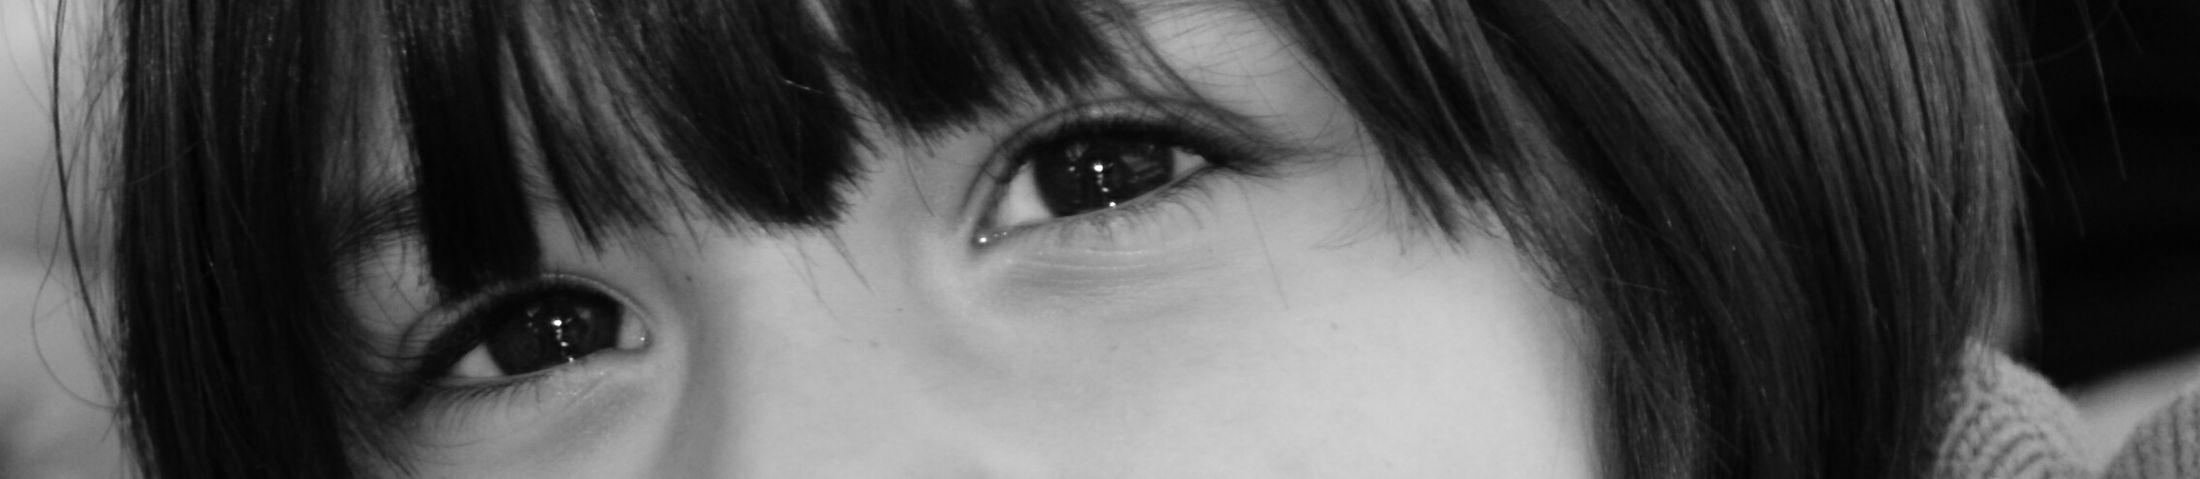 Real People People Family Blackandwhite Photography Black And White Passione_fotografica Eyes Eye4black&white  Eyes Are Soul Reflection Popolari Sguardi Intensi Sguardoprofondo Sguardo  Sguardi
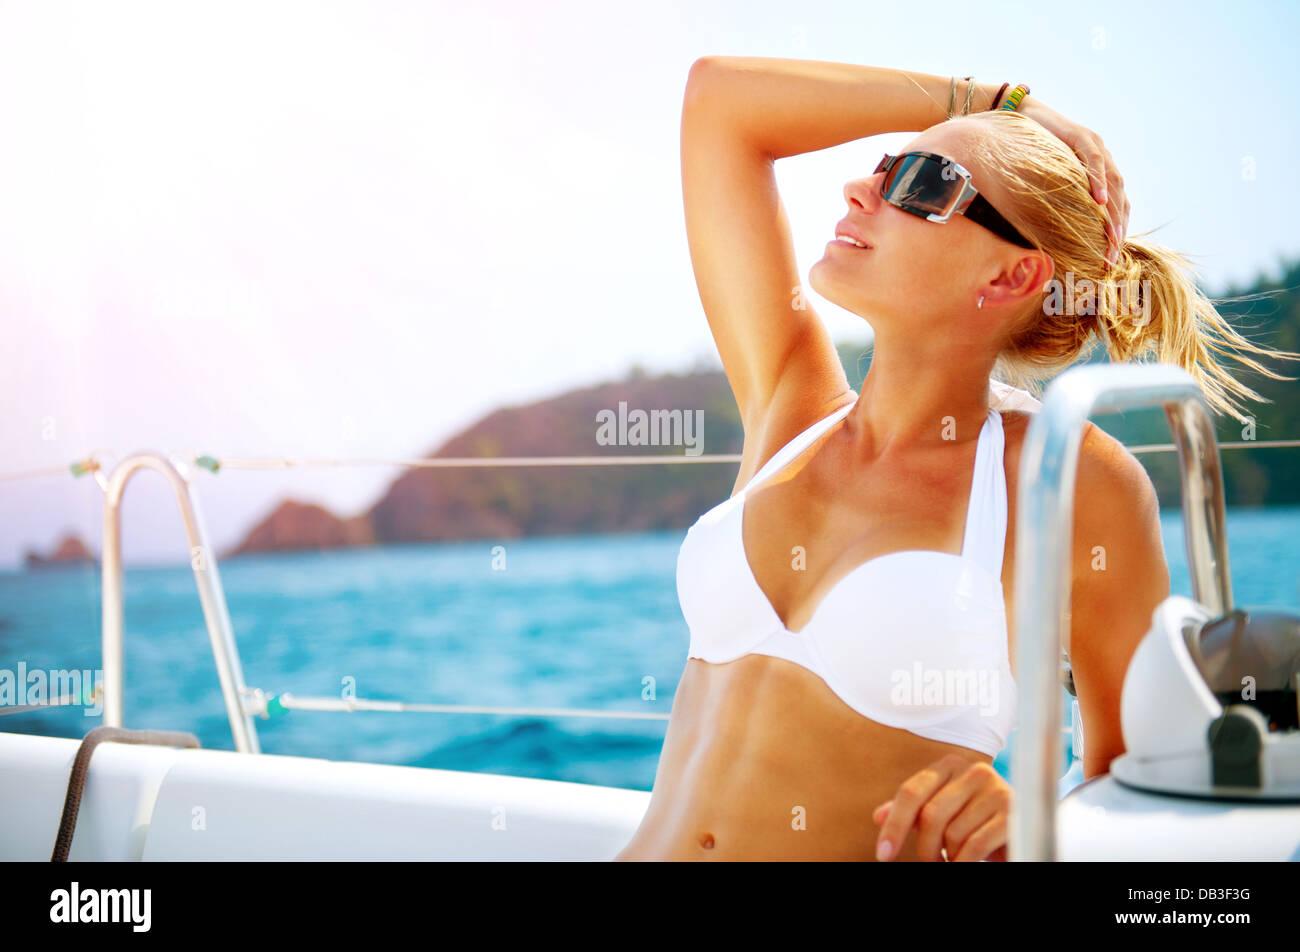 Beautiful Girl resting on the Yacht. Yachting. Luxury Lifestyle - Stock Image
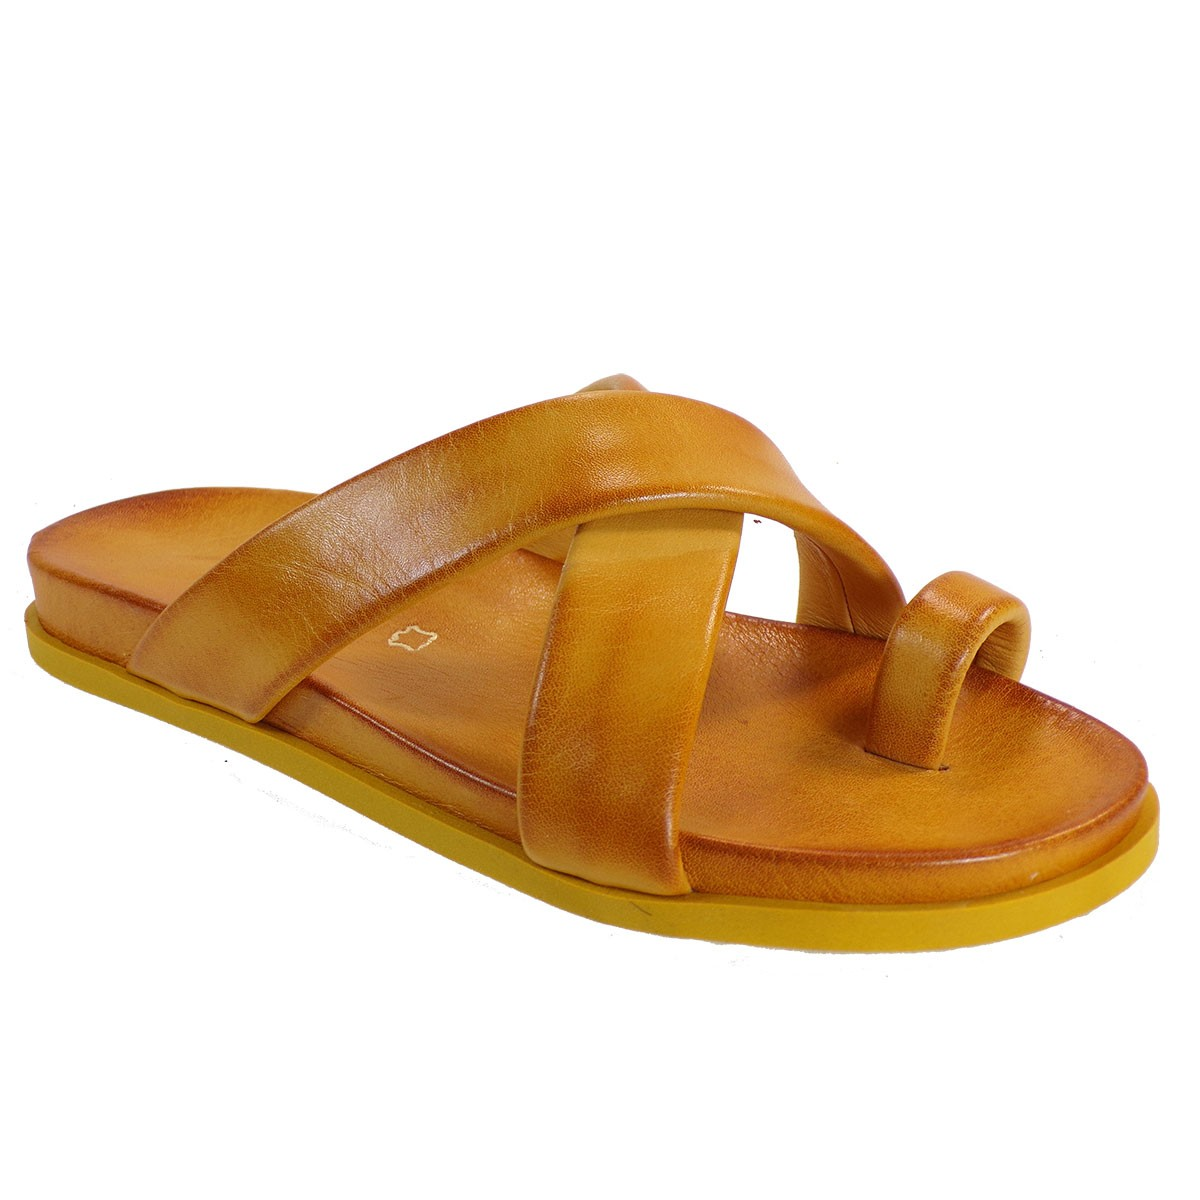 Fardoulis shoes Γυναικείες Παντόφλες 111-51 Κίτρινο Δέρμα

# What you need to do
Should there be pictures in the data, leave them out and return the rest exactly.

# Exercise solution
 Real People People Family Blackandwhite Photography Black And White Passione_fotografica Eyes Eye4black&white  Eyes Are Soul Reflection Popolari Sguardi Intensi Sguardoprofondo Sguardo  Sguardi
 Beautiful Girl resting on the Yacht. Yachting. Luxury Lifestyle - Stock Image
 Fardoulis shoes Γυναικείες Παντόφλες 111-51 Κίτρινο Δέρμα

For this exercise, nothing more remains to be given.